Friday, January 07, 2011

HCG.1 Day One

I'm not about to post my start weight but let's just agree that it's significant...thankfully I have the good fortune of seeing it every day on the log I'm keeping.

Regardless.

The day stated with a weigh-in. I immediately wanted to slip into a depression, sluff down a bag of jumbo marshmallows and get back into bed. But, with the encouragement of my mother - who is here for the next 11 days - I overcame.

Then we injected ourselves with the HCG. I feel like that is a sentence I'm going to be horrified by in 20 years. There are other variations of HCG that you can drop onto your tongue but according to my verteran-HCG Mom, they are less effective at staving off the hunger than the injection kind.

Tiny needles. No pain.

Then I took off running. Brody to school, 20 minutes in the classroom and off to the grocery store for formula. That's about the time I realized I was really hungry! After trying to avoid looking at any and all foods at the grocery store I paid and ran, screaming from the store.

That is about the time that I realized this is a GORGE day! So, for the first two days on HCG you get to gorge on fat. Don't ask why. I'm not the answer-girl here. My mom has done all the research and I'm going with it.

So, today I ate:

A huge jelly-filled donut from Spudnuts
Half a bag of Trader Joe's baked onion rings (think Funions)
A big mac, french fries and two huge cokes

It's 4PM and this has been my intake so far. Can I just say, I'm having a blast.

How often do you get to just PIG out?!? I mean, honestly? A Big Mac? I might be overweight but I haven't tasted a Big Mac in years. It was delicious.

You're supposed to be a little more strategic in your fat loading days -- like eat high fat things that are just empty calories. Avocados, eggs, bacon, cheesecake, etc. But I felt like a bag of onion rings and french fries. What can I say? I can feel the weight attaching itself to my chin, belly and butt cheeks as I sit here sucking down my gigantic Coke.
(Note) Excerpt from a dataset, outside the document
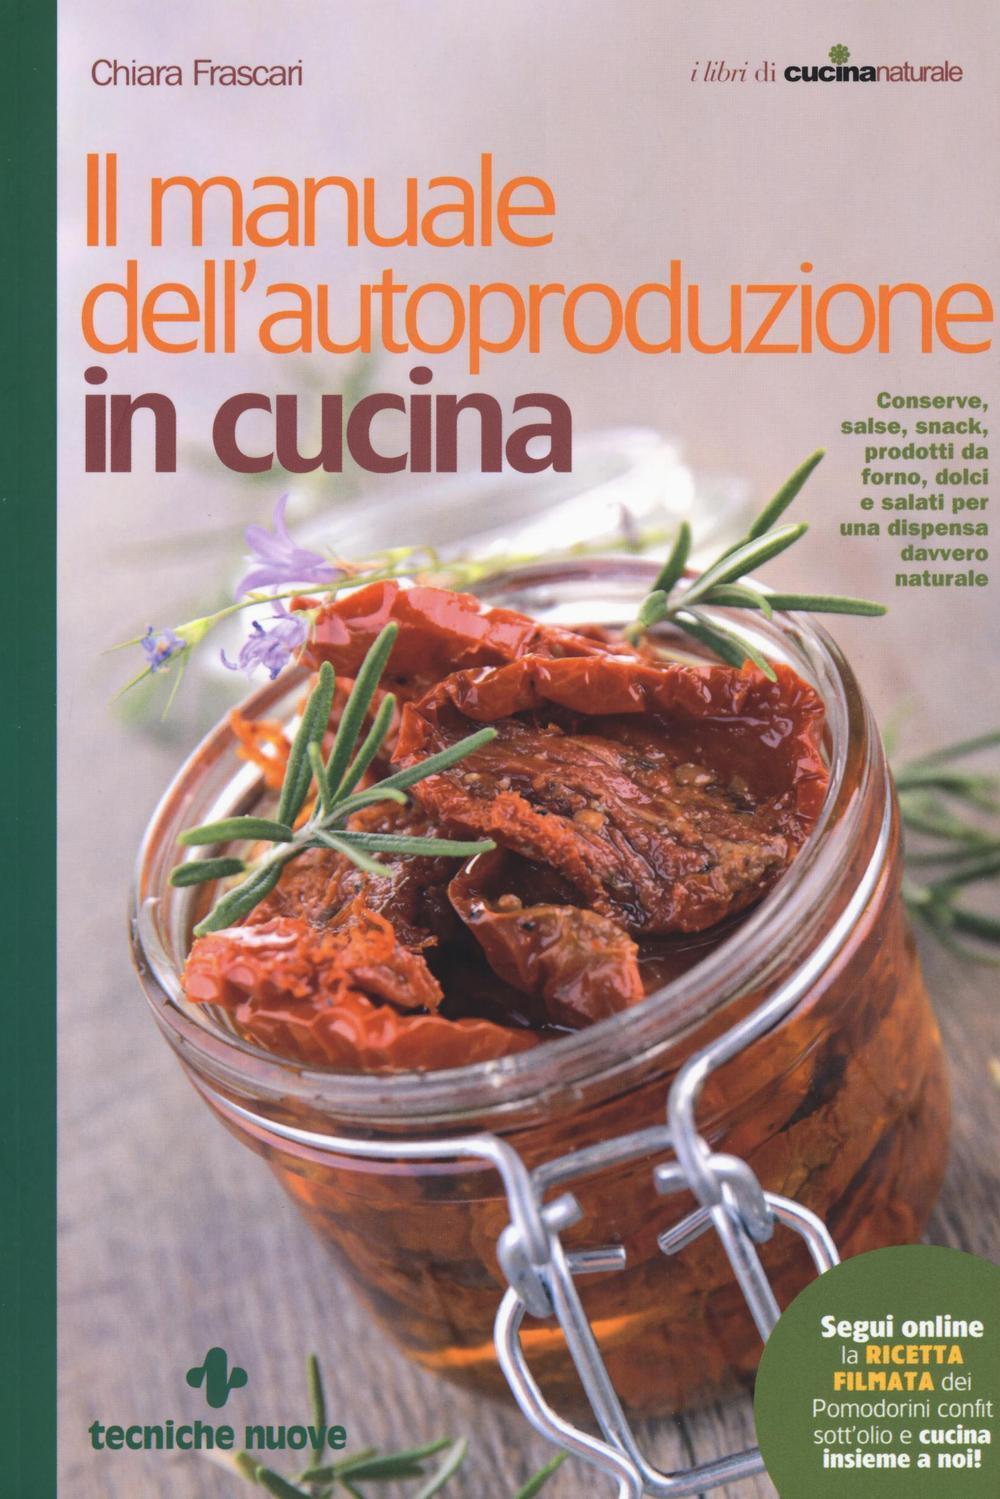 Il manuale dell 39 autoproduzione in cucina chiara frascari libro tecniche nuove le guide - Manuale di cucina professionale pdf ...

And I'm wallowing in it.

But truly. I'm looking forward to being uninterested in these foods. I've been thin before. Lots of times :) And every time I kicked the food habit I eventually stopped craving the junk food fare. It's my mom's 4th round and she instinctively rejected the apple fritter I brought her. She ate it but it wasn't with the joy and fervor with which I ate my 6" strawberry and creme pastry. Delish.

No Coke for 40 days . No joke. I just sighed mournfully at the very thought. My dear, sweet, killer-in-a-cup Coca Cola. How I love thee. I literally look forward to Coke. It's like a highlight in my helter-skelter day and probably the thing I will most miss on this journey.

Tonight I will be eating #33A {Chicken curry noodles - extra noodles, thank you} and maybe a pint of cinnamon ice cream?

Then tomorrow is another Fat Loading day. Oh, the possibilities.

It's scary to me that I'm not stuffed right now. This is how big my stomach (and appetite) has become. That I'm looking forward to another of day of eating crap is also kind of scary.